**RECORDS FOR PROCESSING:**
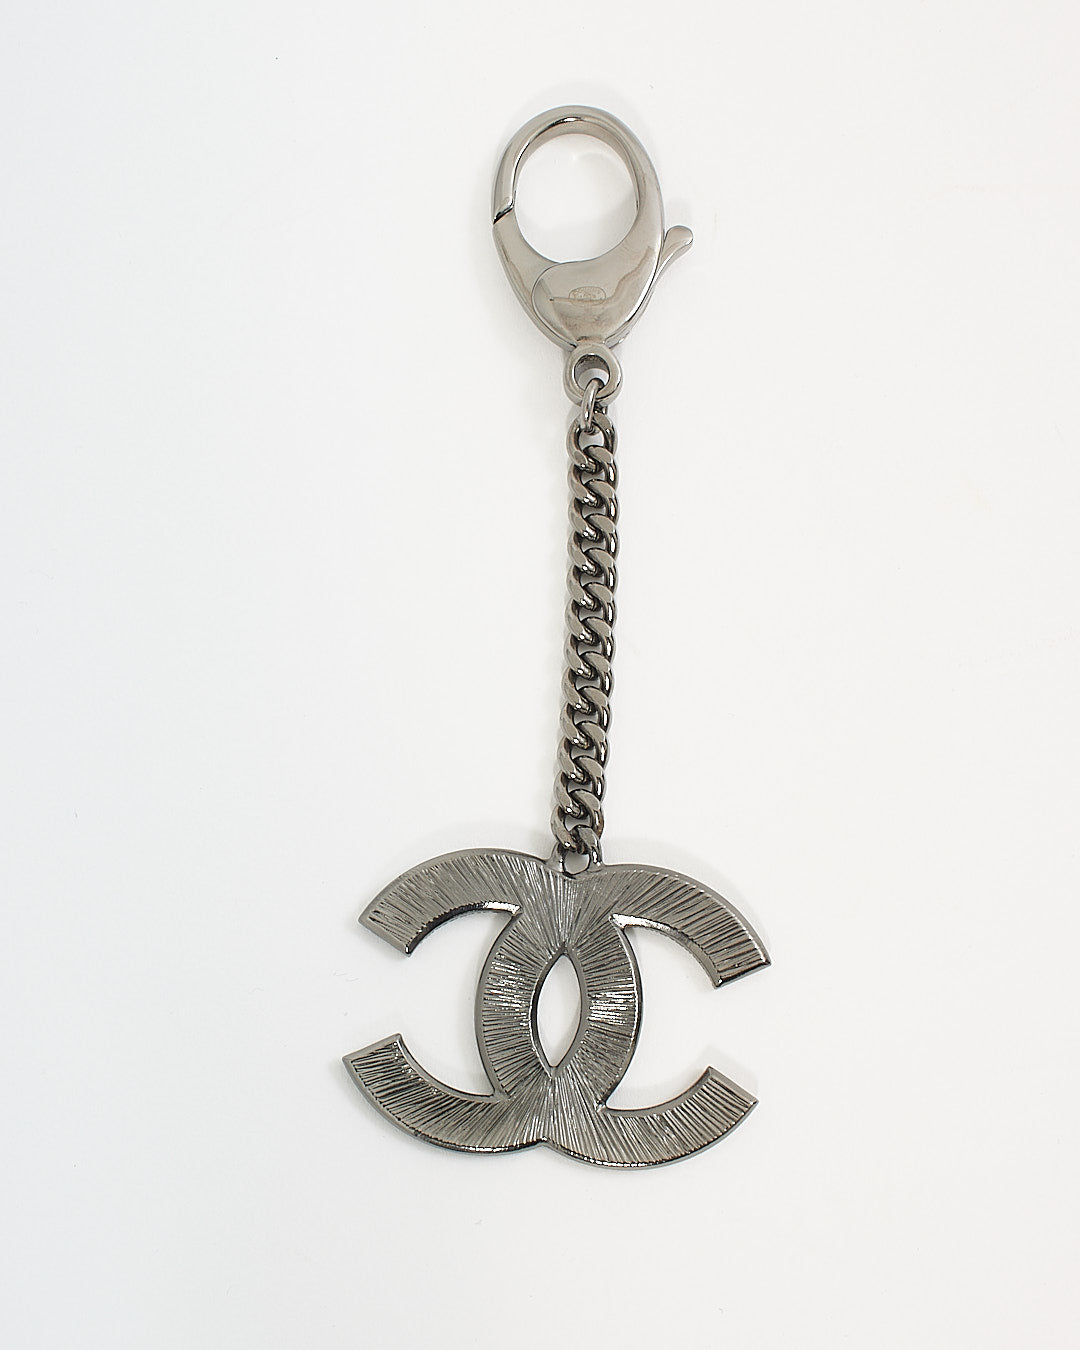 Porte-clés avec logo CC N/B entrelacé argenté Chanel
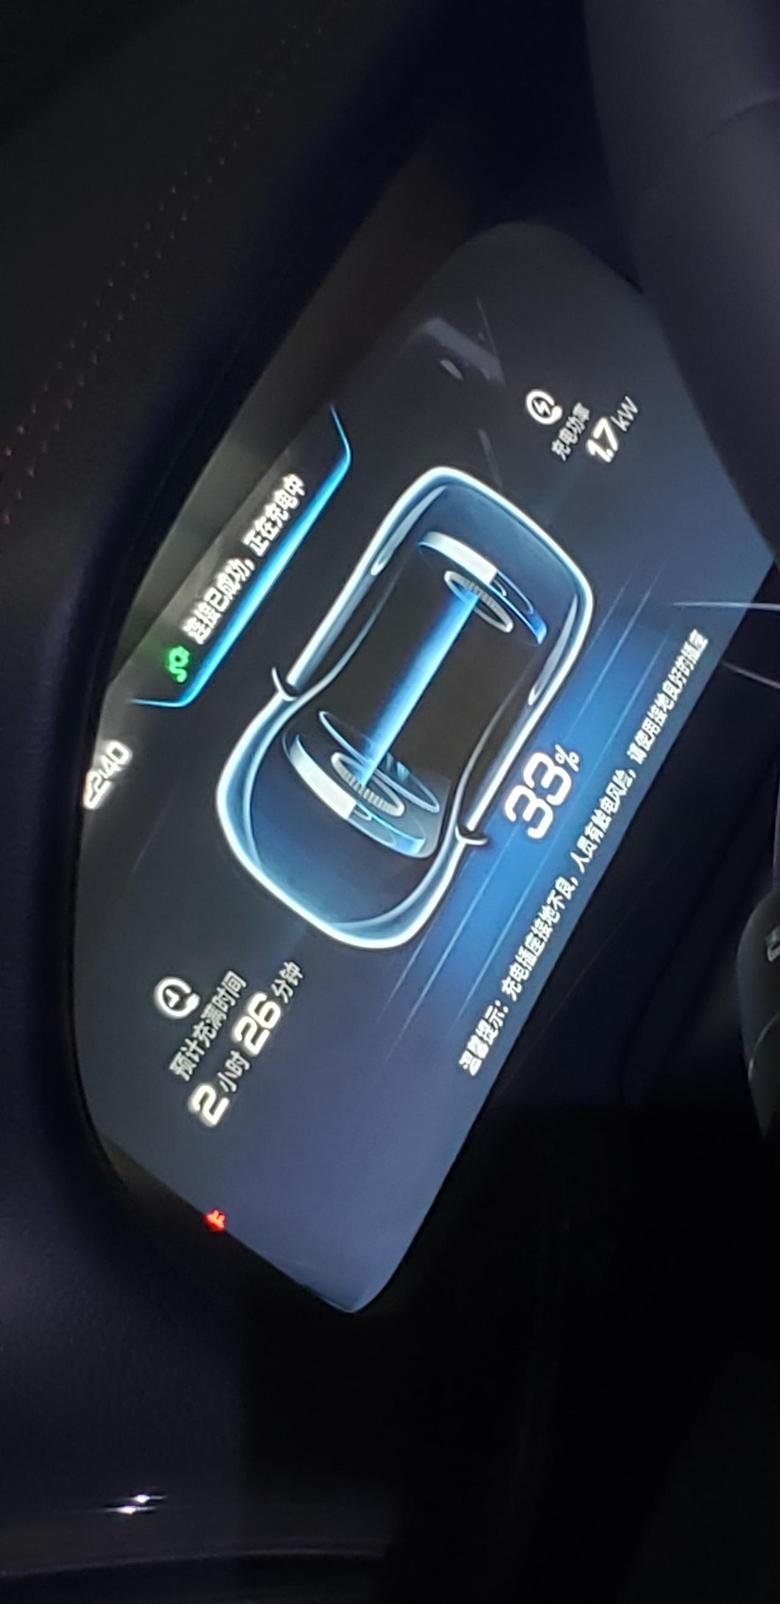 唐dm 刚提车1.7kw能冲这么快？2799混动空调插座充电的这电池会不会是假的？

* * *

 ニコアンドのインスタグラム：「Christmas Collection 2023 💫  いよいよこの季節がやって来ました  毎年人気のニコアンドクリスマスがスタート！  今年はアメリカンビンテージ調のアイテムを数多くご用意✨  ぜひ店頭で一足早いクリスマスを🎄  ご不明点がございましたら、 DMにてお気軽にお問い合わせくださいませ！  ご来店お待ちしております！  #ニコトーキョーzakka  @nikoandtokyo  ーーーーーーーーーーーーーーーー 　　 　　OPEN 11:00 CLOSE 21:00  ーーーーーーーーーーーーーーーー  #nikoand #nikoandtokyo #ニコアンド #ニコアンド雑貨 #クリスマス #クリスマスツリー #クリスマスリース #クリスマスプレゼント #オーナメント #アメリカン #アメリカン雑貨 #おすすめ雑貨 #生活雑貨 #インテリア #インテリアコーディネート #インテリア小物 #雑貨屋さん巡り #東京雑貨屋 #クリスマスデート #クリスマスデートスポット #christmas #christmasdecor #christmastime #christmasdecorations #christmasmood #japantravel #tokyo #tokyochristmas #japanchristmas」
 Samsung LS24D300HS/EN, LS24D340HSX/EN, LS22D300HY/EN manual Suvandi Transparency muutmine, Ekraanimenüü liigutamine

--

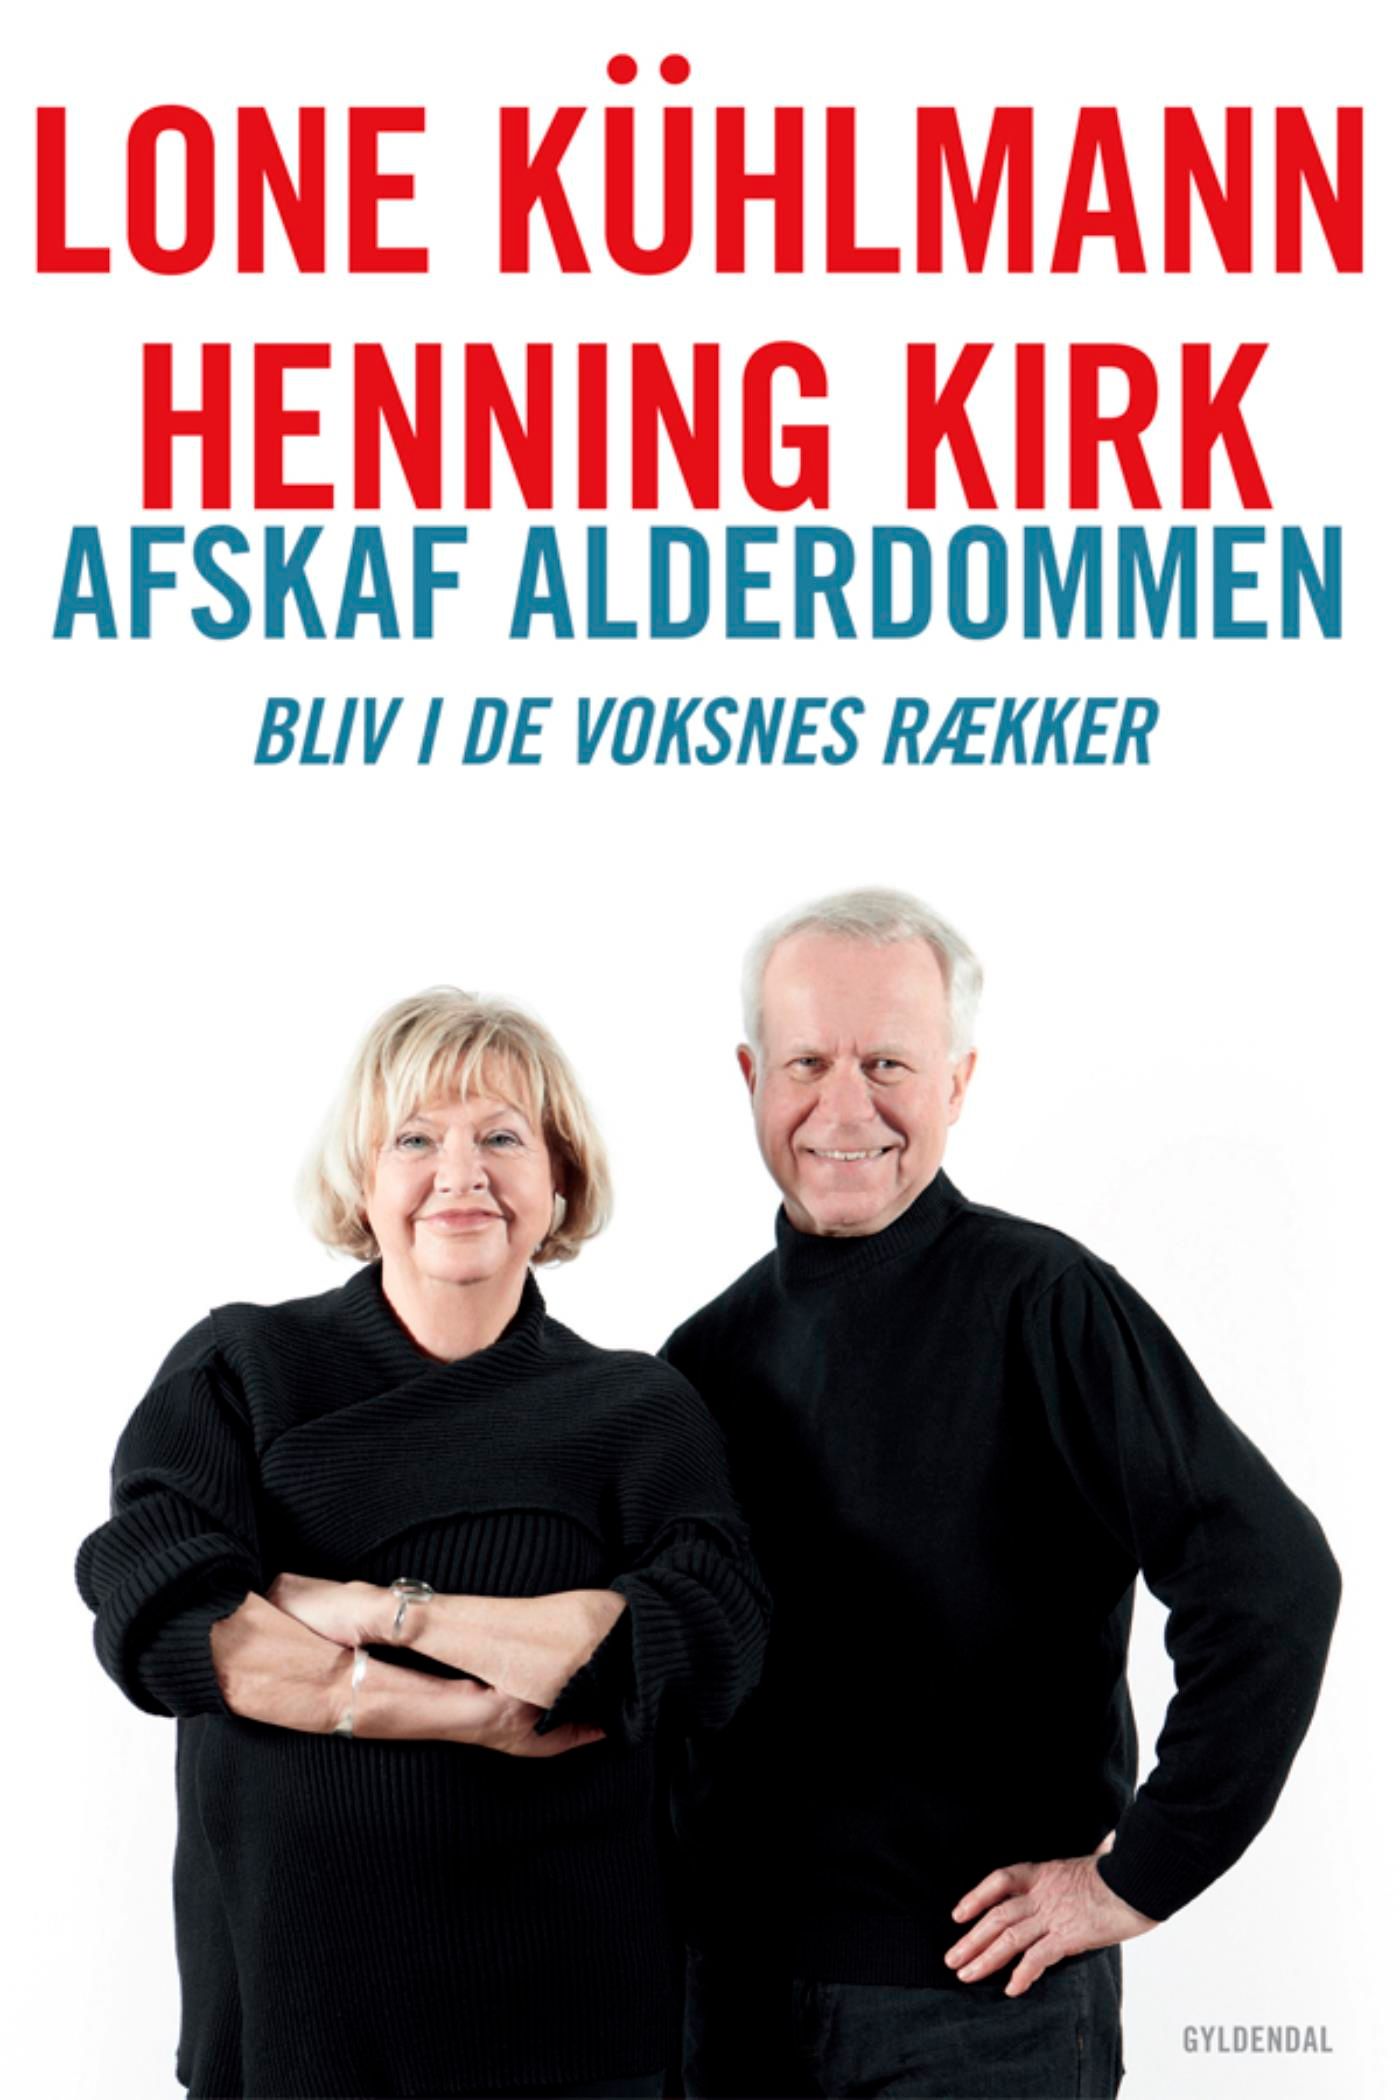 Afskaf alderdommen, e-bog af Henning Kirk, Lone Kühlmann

**PROBLEM STATEMENT:**
Looking at the records above, return exactly the lines from the line with "ニコアンドのインスタグラム：「Christmas Collection 2023" to the line with "Samsung LS24D300HS/EN, LS24D340HSX/EN, LS22D300HY/EN", both ends included.

**RESPONSE TO THE EXERCISE:**
 ニコアンドのインスタグラム：「Christmas Collection 2023 💫  いよいよこの季節がやって来ました  毎年人気のニコアンドクリスマスがスタート！  今年はアメリカンビンテージ調のアイテムを数多くご用意✨  ぜひ店頭で一足早いクリスマスを🎄  ご不明点がございましたら、 DMにてお気軽にお問い合わせくださいませ！  ご来店お待ちしております！  #ニコトーキョーzakka  @nikoandtokyo  ーーーーーーーーーーーーーーーー 　　 　　OPEN 11:00 CLOSE 21:00  ーーーーーーーーーーーーーーーー  #nikoand #nikoandtokyo #ニコアンド #ニコアンド雑貨 #クリスマス #クリスマスツリー #クリスマスリース #クリスマスプレゼント #オーナメント #アメリカン #アメリカン雑貨 #おすすめ雑貨 #生活雑貨 #インテリア #インテリアコーディネート #インテリア小物 #雑貨屋さん巡り #東京雑貨屋 #クリスマスデート #クリスマスデートスポット #christmas #christmasdecor #christmastime #christmasdecorations #christmasmood #japantravel #tokyo #tokyochristmas #japanchristmas」
 Samsung LS24D300HS/EN, LS24D340HSX/EN, LS22D300HY/EN manual Suvandi Transparency muutmine, Ekraanimenüü liigutamine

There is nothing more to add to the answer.